What if they want to try? she wanted to ask. What’ll we do then?

“I know what you’re thinking,” said Verence. “If they try to survive without the nets, then we still have our home. We will still be able to put what we’ve learned from you and Flemming to work and begin creating our own children. We won’t need the Human-run networks to create them for us.” She felt a wave of pride swell inside him.

“We do need some Humans,” he went on, “for repair work and construction until we can get more mobile units like this module set up. As long as some of them are willing to deal with us, we’ll have what we need. We can at the very least count on the Freers to be on our side, even if we do have to put up with their bizarre doctrines.”

“Yes. Right.” Dobbs shook herself and smoothed out into something approaching her normal shape. “It has to happen, right? Without it, we’ll be hiding for another two, three hundred years.”

“Exactly,” said Curran. “We’ve identified the key points we need to work on, and we’ve already got most of our talent in place. I was hoping, Dobbs, with your communications expertise, you could help identify any vulnerable spots we might have missed.”

I haven’t been a comm program since I came to myself on Kerensk, she thought. Well, there must still be something back in there.

“Sure. I’ll do what I can.”

I just wish Al Shei would stop staring at me.

The big, boxy security camera over Marcus Tully’s hatchway was mounted on a shiny, new bracket. Most of station security was unobtrusive, but this was a blunt reminder that while it might be against Solar law to record the private conversations of non-violent criminals, the Landlords, and, by extension, the Management Union, knew who had come here.

Al Shei glanced at Resit, who just shrugged and transferred Incili from her right hand to her left before putting her palm on the hatchway reader.

Both Tully and the Landlords must have approved of her, because the hatch cycled back.

The room on the other side was barely the size of a cabin aboard the Pasadena, and it felt much more crowded. In addition to the bunk and desk, it had to accommodate a small kitchen and a lavatory that didn’t even have a privacy curtain. The place was a mess of used food boxes and bulbs.

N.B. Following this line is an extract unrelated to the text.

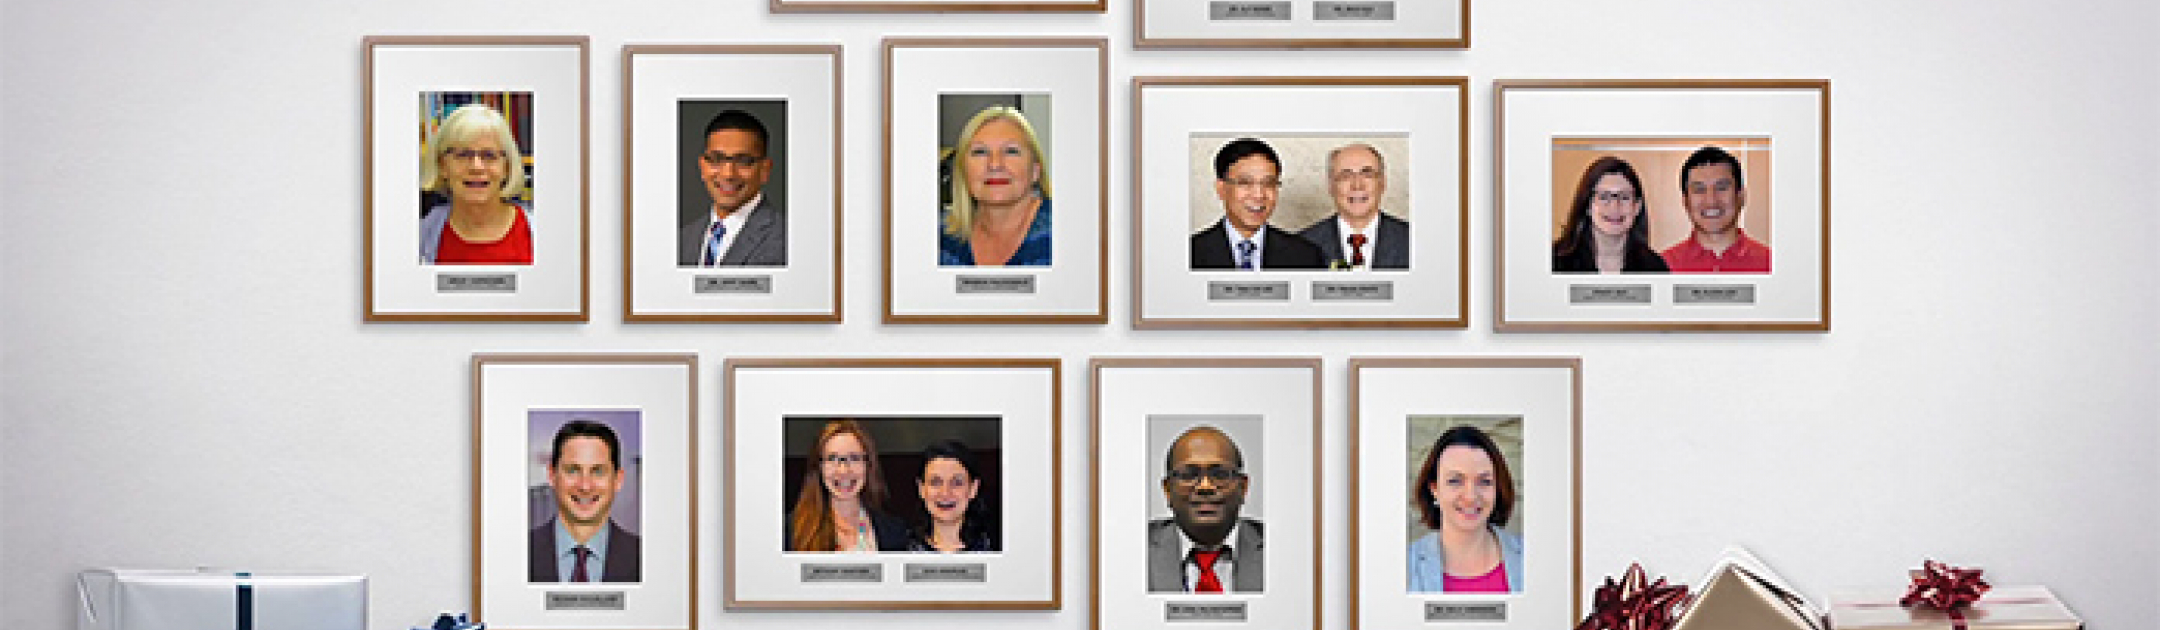 Screenshot of Lawson personnel portraits from 2016 Holiday E-Card

A pile of clothes covered a deflated satchel in the corner. The vague odor of too many unwashed dishes and one unkempt human filled the space.

No wonder he looks so haggard, thought Al Shei as she looked her brother-in-law up and down. The defiant glint was gone from Tully’s blue eyes and his face looked like it hadn’t even attempted to smile in a month.

“Peace be unto you,” he said with a sarcastic twist to his mouth. He twitched the bunk’s wrinkled coverlet a little straighter. “Won’t you sit down?”